COMPENSATION at the world's biggest banks rose last year, with 35 of them spending a combined 10 billion euros (US$13.1 billion) more on staff than in 2011, figures compiled by Reuters show.
Bankers' remuneration has rarely been out of the spotlight over the last five years, as the industry's powerhouses were rescued from the brink during the financial crisis with hundreds of billions of taxpayers' dollars.
Policymakers have since fought to curb the bonuses they say encouraged excessive - and sometimes catastrophic - risk-taking.
Capping absolute pay levels is off-limits for regulators, but banks have talked a lot about cutting staff costs.
Reuters analyzed the 2012 results reported by banks in the benchmark EuroStoxx 600 index and their US competitors and found staff costs rose to 275 billion euros across the group.
Two thirds of the banks analyzed increased compensation per person, though several attributed this at least in part to redundancy issues.

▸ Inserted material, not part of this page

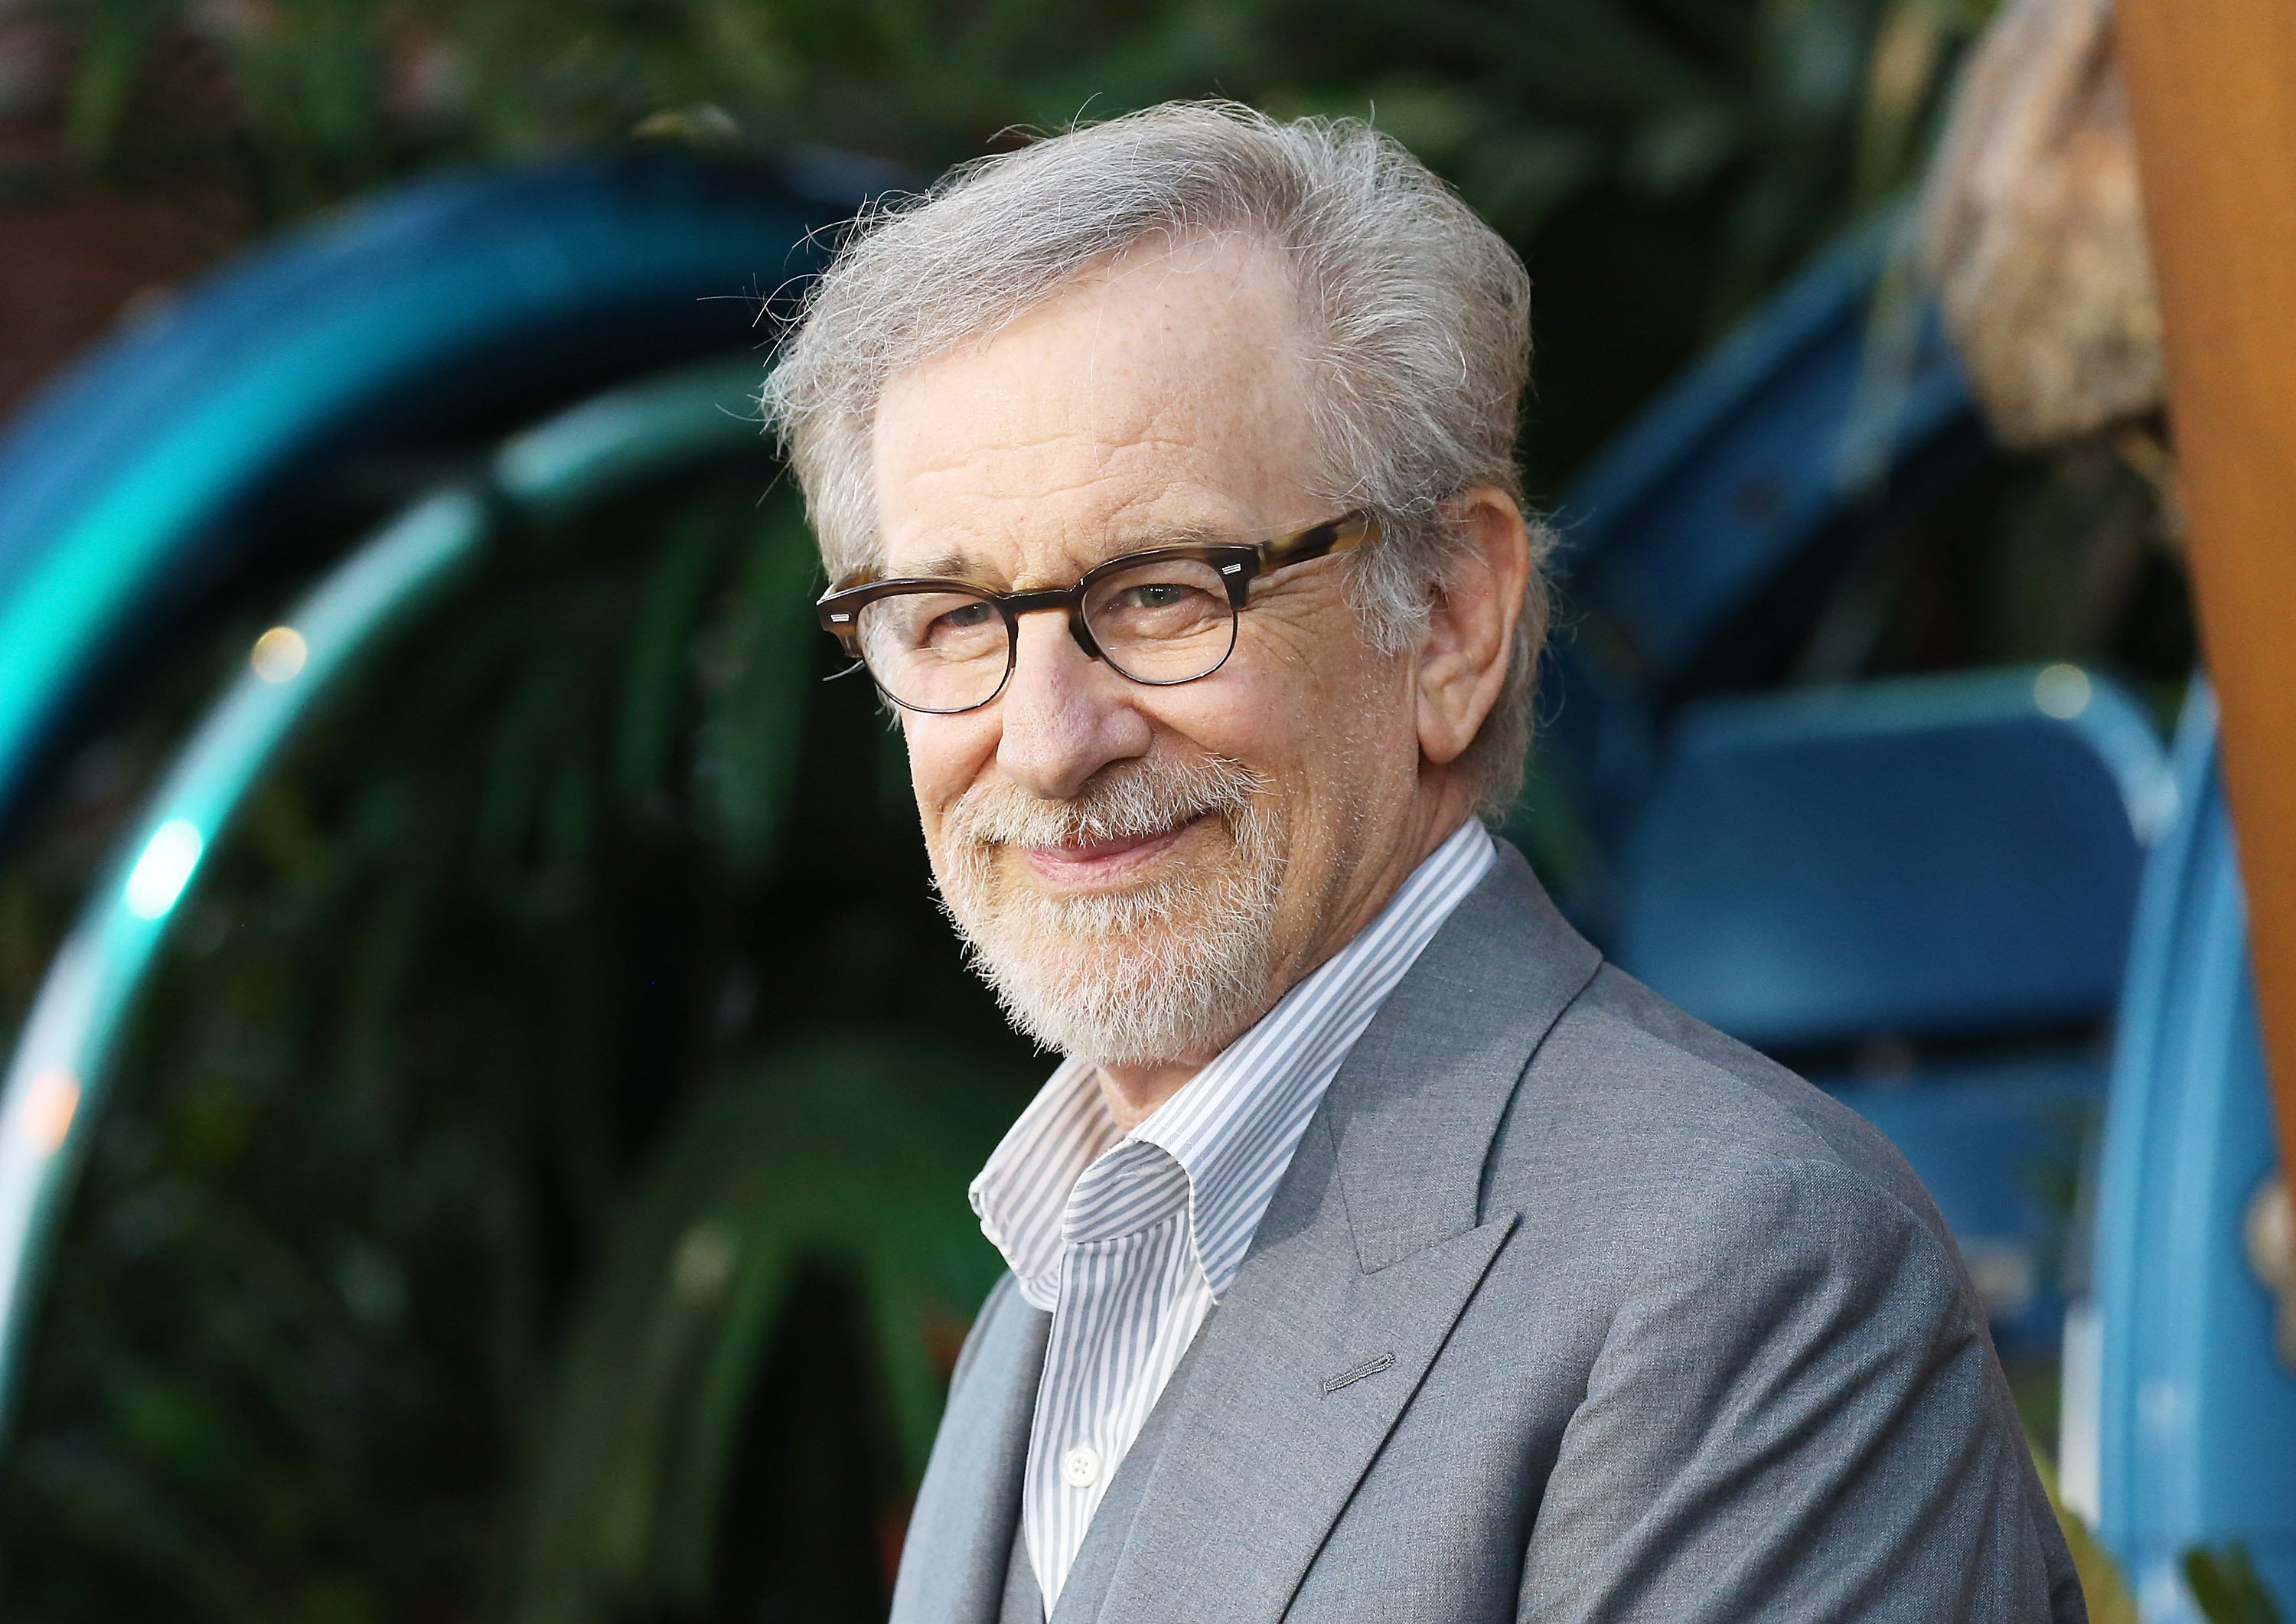 Steven Spielberg wearing a suit

The compensation ratio - the industry's preferred yardstick, which measures staff expenses against revenue - was up for 18 of the 35 banks.
Bonus cap necessary
Philippe Lamberts, a Belgian Member of the European Parliament who has also been outspoken on bank pay and supported a cap on bank bonuses recently agreed by members of the parliament, says the figures prove that, left to their own devices, banks do not reduce pay.
"To me it confirms that what we are doing on the remuneration front is necessary," said Lamberts, referring to efforts to restrict remuneration through bonus rules and other provisions in a European Union package of bank regulations.

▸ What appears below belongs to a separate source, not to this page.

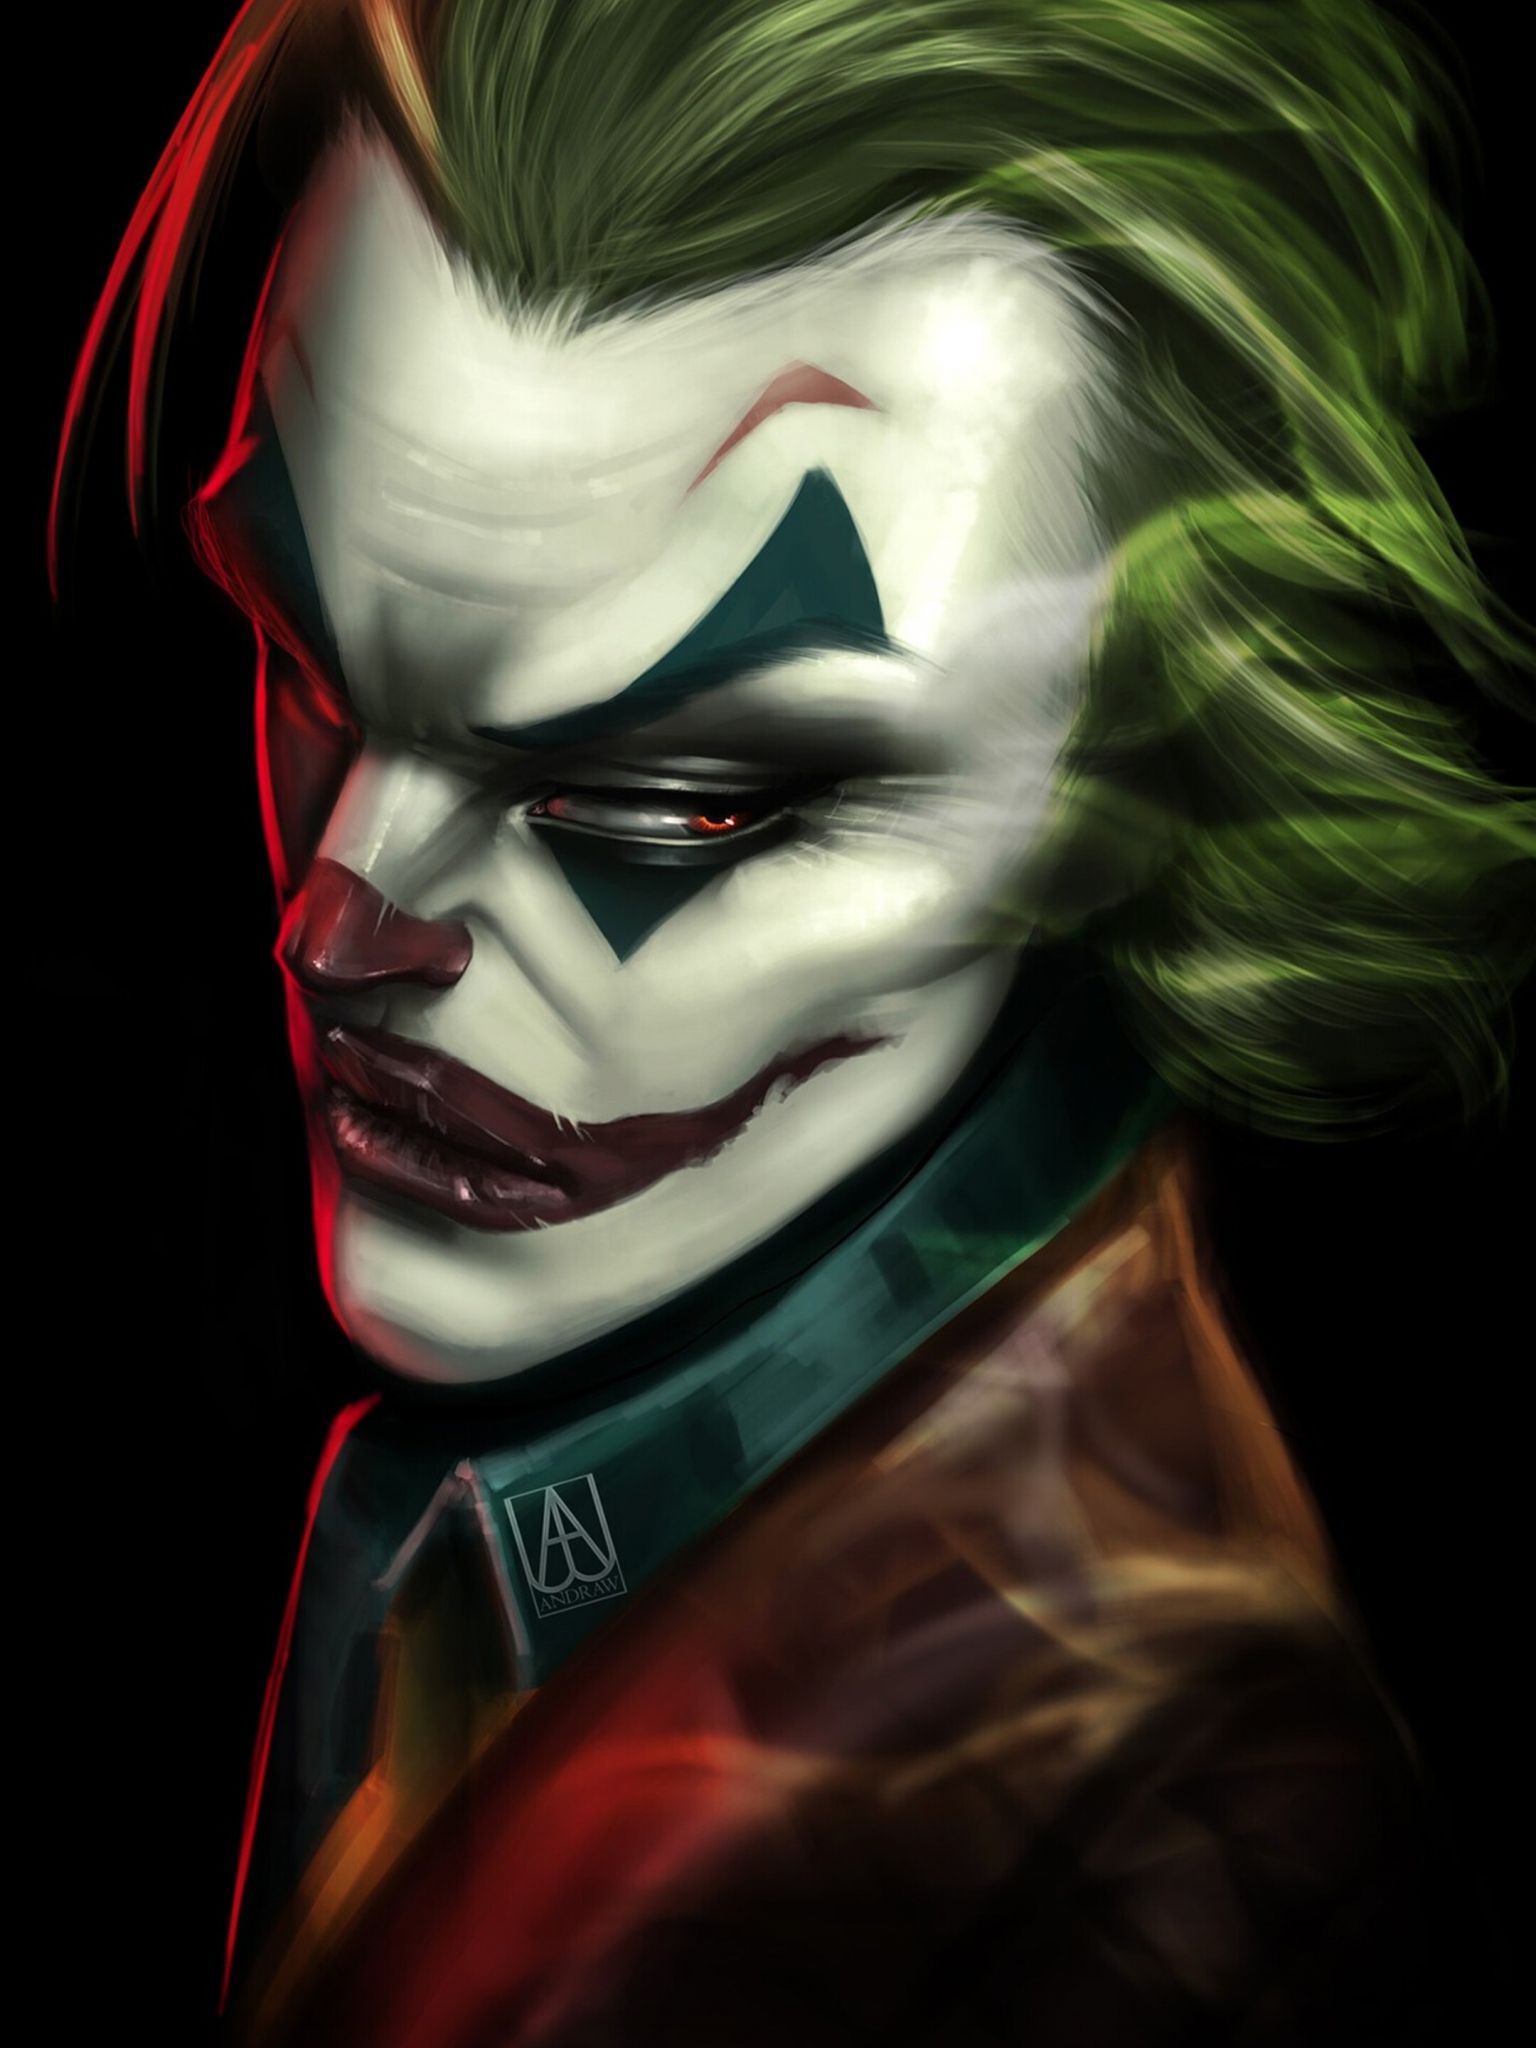 Free download Joker 2019 Movie Art 4K Wallpaper 5694 [2160x3840] for your Desktop, Mobile & Tablet. Explore Joker 2019 4K Wallpaper. Joker 2019 4K Wallpaper, Joker 2019 Wallpaper, Joker HD 2019 Wallpaper

A recent survey from recruitment agency Morgan McKinley showed that bank staff who changed jobs in London in January enjoyed average pay rises of 23 percent.

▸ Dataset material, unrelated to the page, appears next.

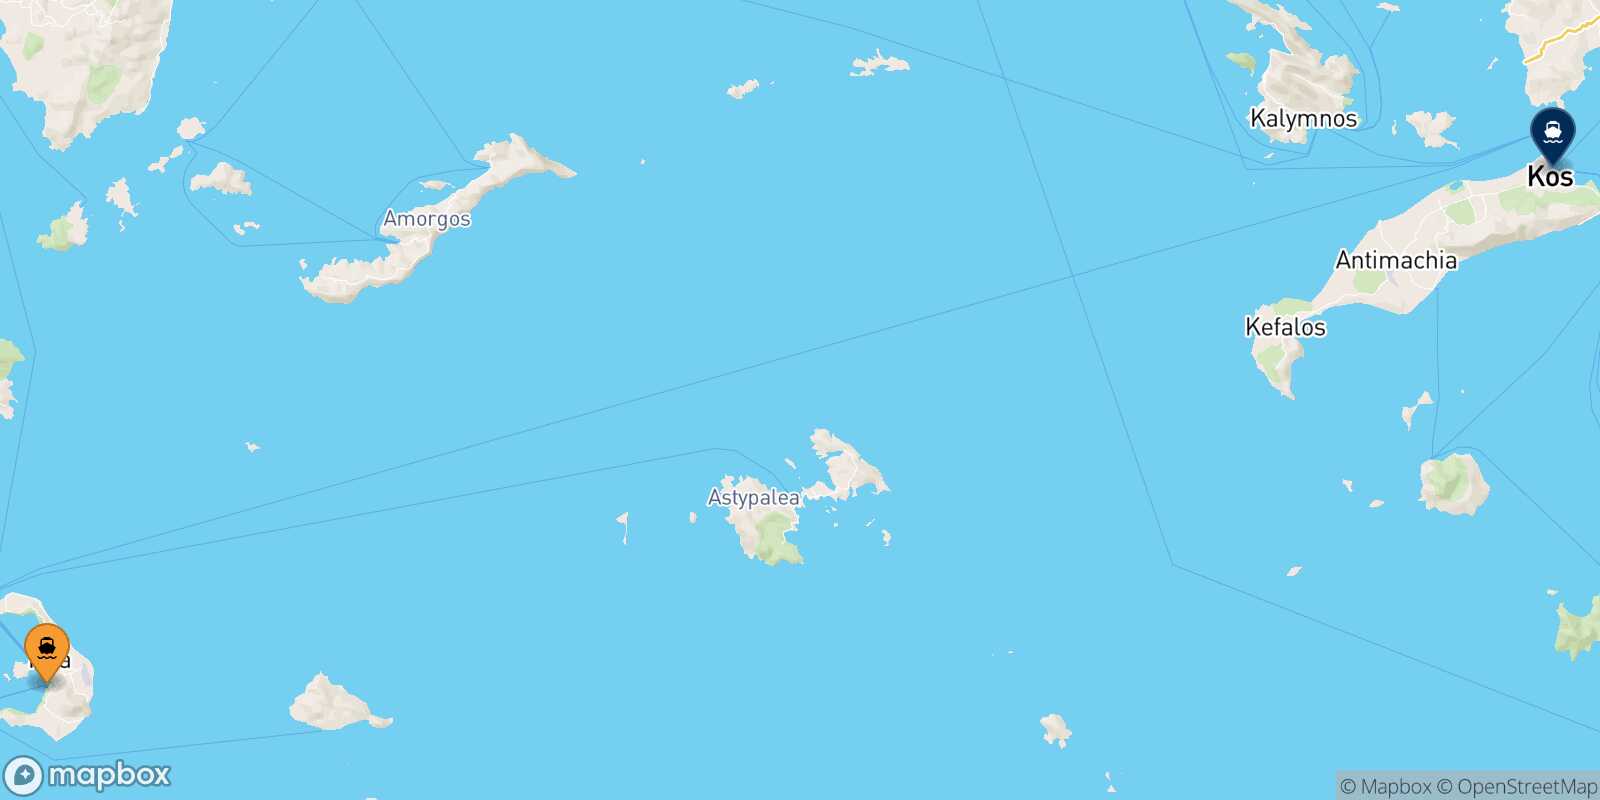 Thira (Santorini) Kos route map

But banks baulk at the suggestion they are paying staff more, saying things are more complex than the figures suggest.
US retail banking giant Wells Fargo, however, was comfortable with the fact that per-person compensation rose 2 percent last year and stands at the equivalent of 83,000 euros, placing the bank at the middle of the compensation table.
"We support our team members as a competitive advantage and are committed to compensating them based on performance," a spokeswoman said.
Wells Fargo recorded pretax earnings of 28.5 billion euros in 2012, an increase from 23.7 billion euros in 2011.